European Schools

The European Schools, aimed primarily for children of staff of the European Institutions, are official educational institutions established jointly by the governments of the Member States of the European Union.

 

They are legally regarded as public teaching institutions in all of these countries.

The mission of the European Schools is to provide a multilingual and multicultural education for Early Education, Primary and Secondary level pupils.

The European Schools follow a specific curriculum, supervised by the Inspectorate of Education of the European Schools, and the studies culminate in the European Baccalaureate exams assessing the subjects taught in years 6 and 7 in Secondary.

The European Baccalaureate is a designation that belongs solely to the European Schools.

There are currently 13 European Schools in 6 member countries:

Luxembourg

Luxembourg I (Kirchberg)

Luxembourg II (Mamer)

Belgium

Brussels I (Uccle+Berkendael)

Brussels II (Woluwé)

Brussels III (Ixelles)

Brussels IV (Laeken)

Mol

Germany

Frankfurt

Karlsruhe

Munich

Italy

Varese

Netherlands

Bergen N.H.

Spain

Alicante


The words which express the essential aims of the European Schools are…

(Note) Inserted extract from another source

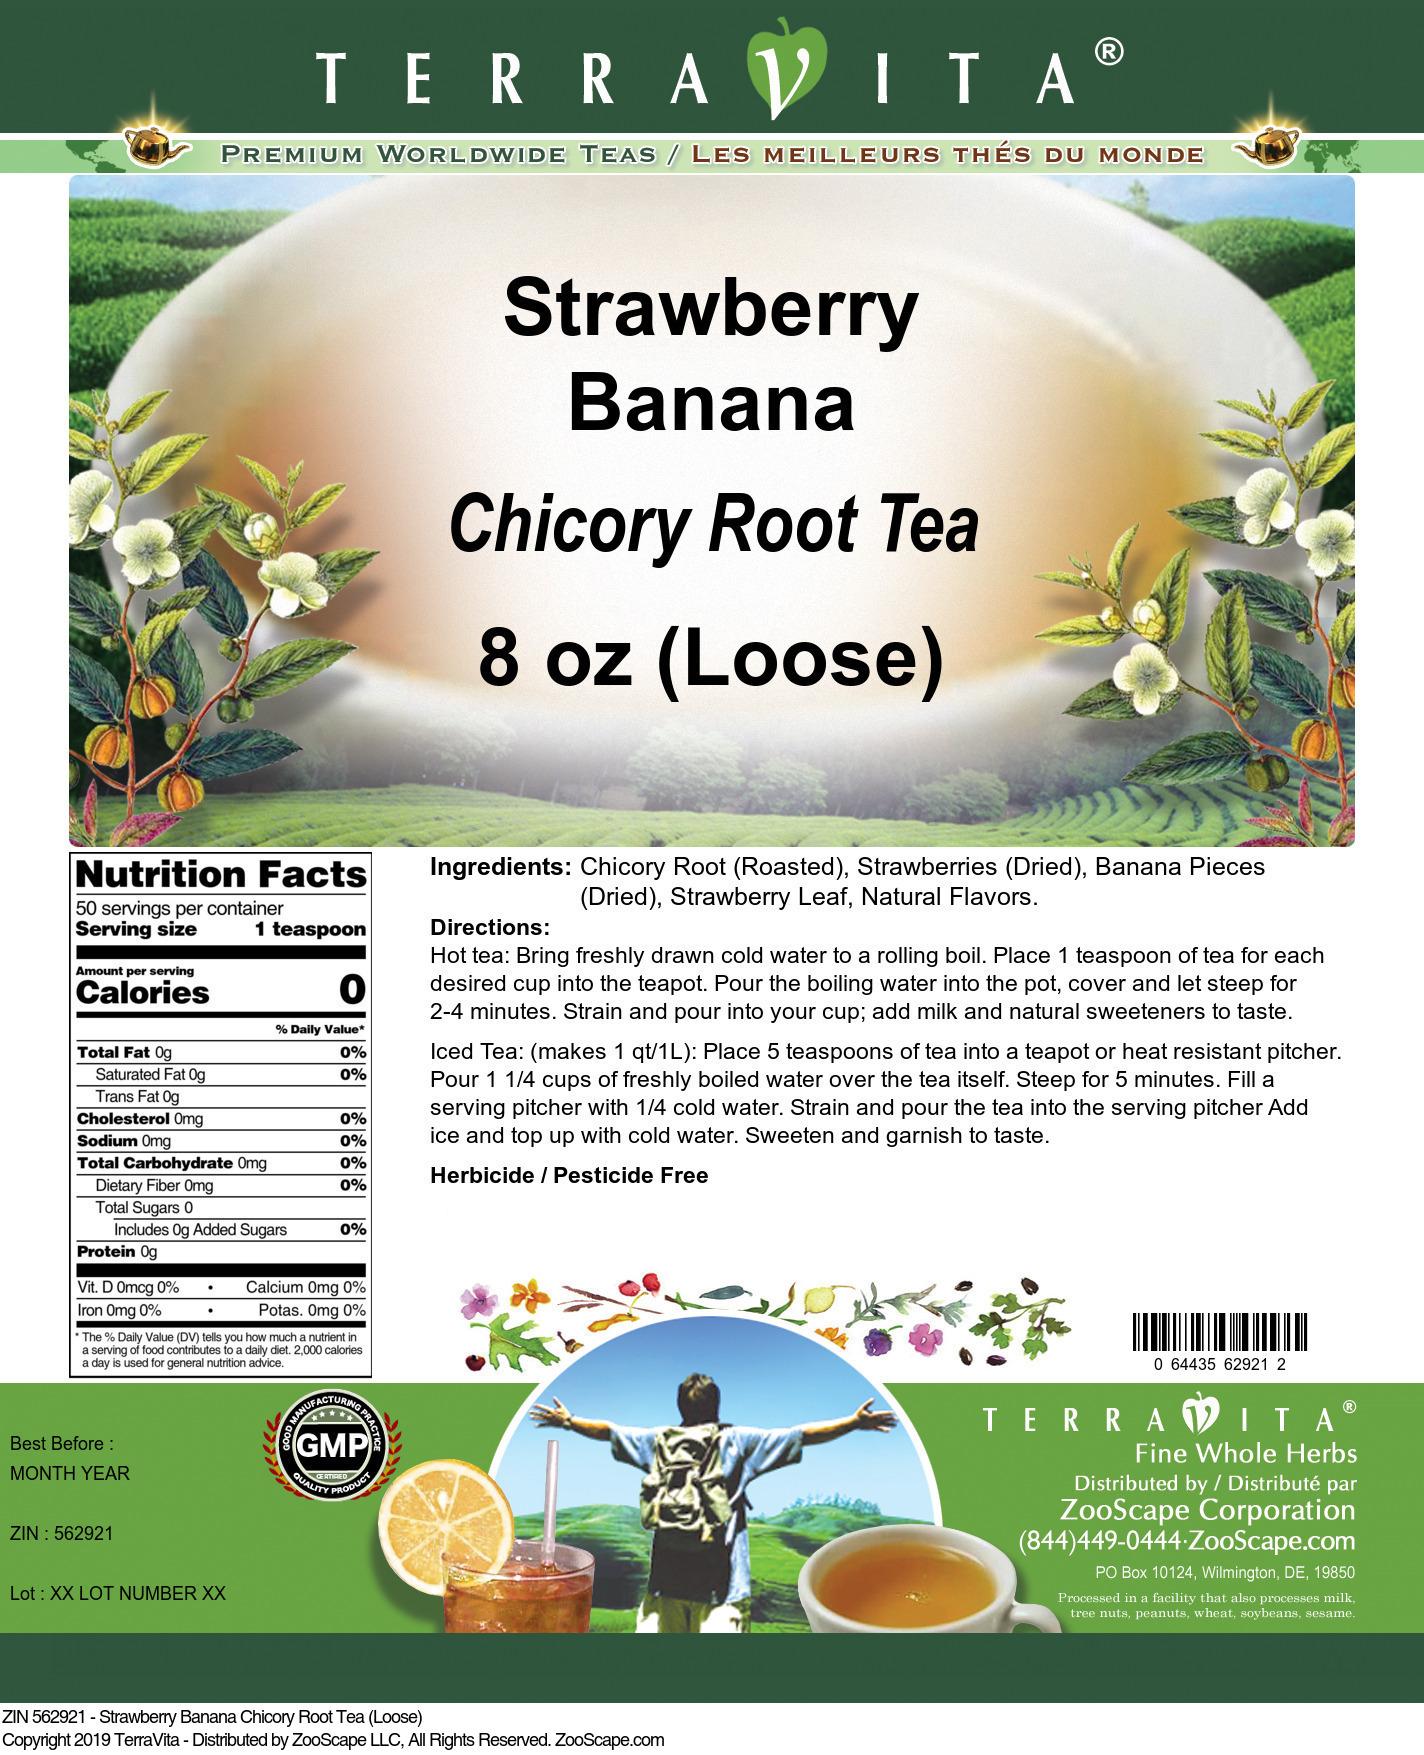 Strawberry Banana Chicory Root Tea (Loose)

“Educated side by side, untroubled from infancy by divisive prejudices, acquainted with all that is great and good in the different cultures, it will be borne in upon them as they mature that they belong together. Without ceasing to look to their own lands with love and pride, they will become in mind Europeans, schooled and ready to complete and consolidate the work of their fathers before them, to bring into being a united and thriving Europe.”